20 hours ago
The MAHA wave
Driving the Day
IN THE STATES — Health Secretary Robert F. Kennedy Jr.'s Make America Healthy Again campaign to combat chronic disease is reshaping state legislatures, with hundreds of bills introduced this year echoing his agenda in both red and blue states, POLITICO's Amanda Chu reports.
A POLITICO analysis of state legislatures found more than 130 pieces of legislation aimed at limiting access to ultraprocessed foods and improving nutrition, over 60 measures restricting the use of pesticides and other chemicals and more than 130 measures expanding vaccine exemptions or prohibiting mandates were introduced this year. Lawmakers also introduced dozens of bills to promote the use of psychedelics, authorize sales of raw milk and the antiparasitic drug ivermectin and ban the fluoridation of drinking water.

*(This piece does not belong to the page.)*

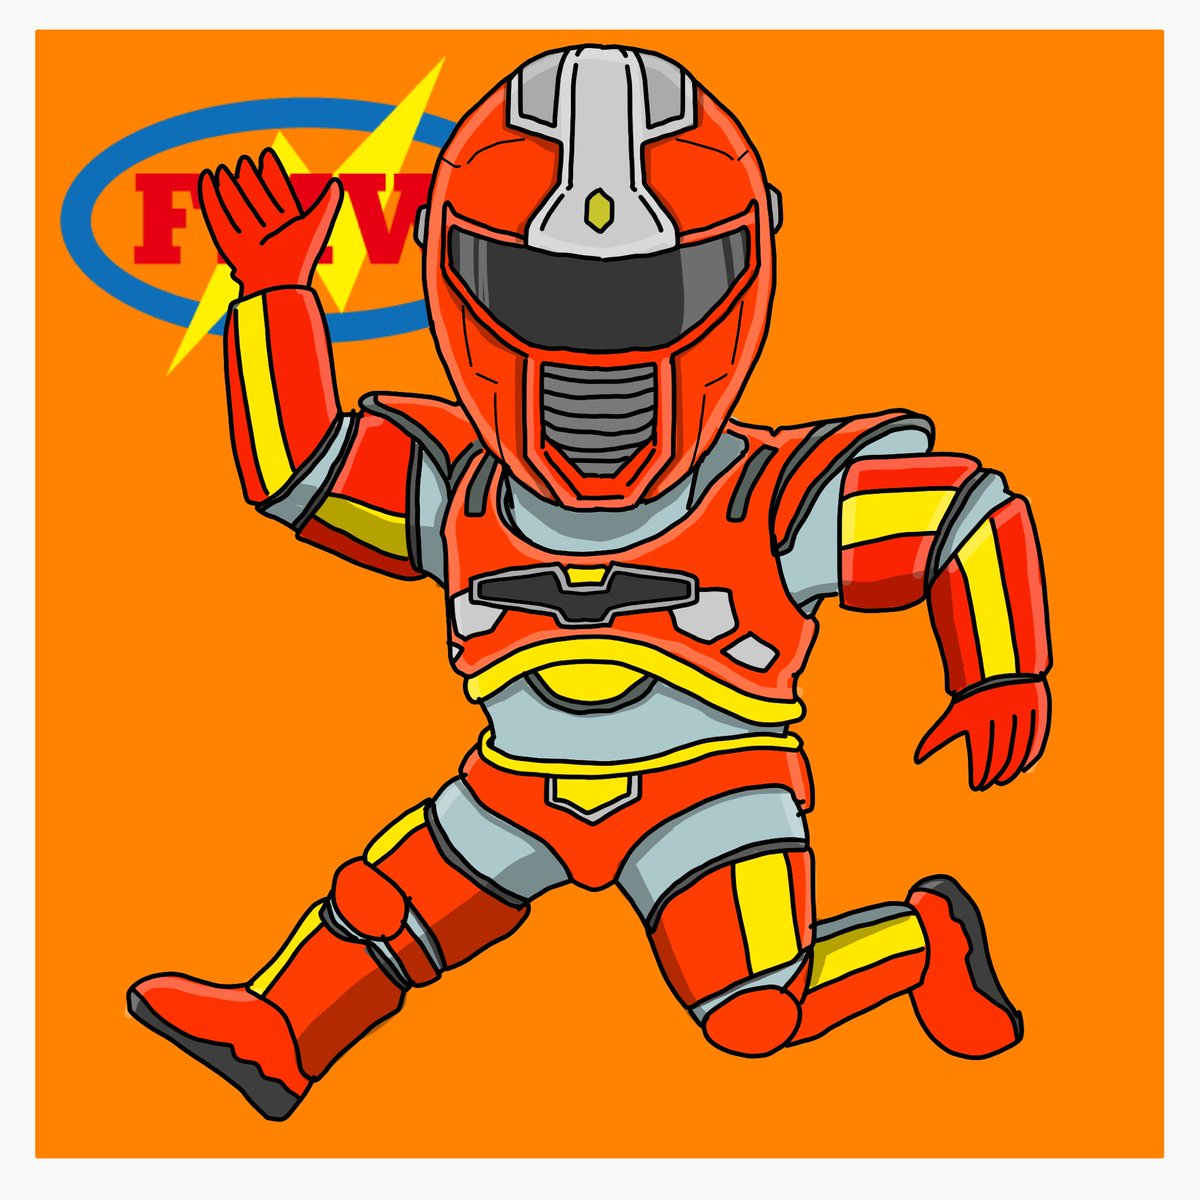 Ishi Kantoku Twitterissa Fmwレスラーイラストno 26 超電戦士バトレンジャー 初めはヘルメット風のマスクでしたね 当時 サスケ選手との王座決定戦の記事で初めて知りました 新生fmw エンタメ期にいたら どんなキャラになっていたんでしょうね Fmw プロレス

The advances seen in state capitols, often considered laboratories for federal rulemaking, offer a glimpse into how a Kennedy-run Department of Health and Human Services might turn MAHA priorities into regulation. The White House is set to release a final MAHA report, which will include recommendations to fight chronic disease.
Details: POLITICO tracked nearly 900 measures on MAHA-aligned subjects that were introduced in 50 states this year — a 45 percent increase from the previous year and measures introduced in 2023 among the four states that meet every two years. Measures ranged from banning the use of food dyes to limiting children's access to social media over mental health concerns to restricting the use of mRNA, the technology behind the Pfizer and Moderna Covid-19 vaccines.
The surge in state activity underscores the growing political clout of the MAHA base, which cuts across party lines, and offers MAHA supporters a chance to secure policy wins outside a White House navigating competing interests. Following intense pressure from agricultural lobbyists, the Trump administration assured farm groups earlier this summer that the final MAHA report would include no new policy around pesticide use despite linking the chemical to cancer in a May draft report.
Bipartisan appeal? Blue states New York and New Jersey led the country in the number of MAHA-aligned measures introduced this year, followed by Republican-led Texas. While some topics, like ending vaccine mandates, were predominantly backed by one party, a few themes had bipartisan traction: Roughly a third of measures to improve nutrition and restrict food additives were sponsored by at least one member of each party this year.
'We see so much state activity. … It's bipartisan. They're tapping into something that most Americans know intuitively. MAHA will persist when Kennedy is gone in the future,' said Joel White, a Republican health care strategist and founder of Horizon Government Affairs, a Washington lobbying firm.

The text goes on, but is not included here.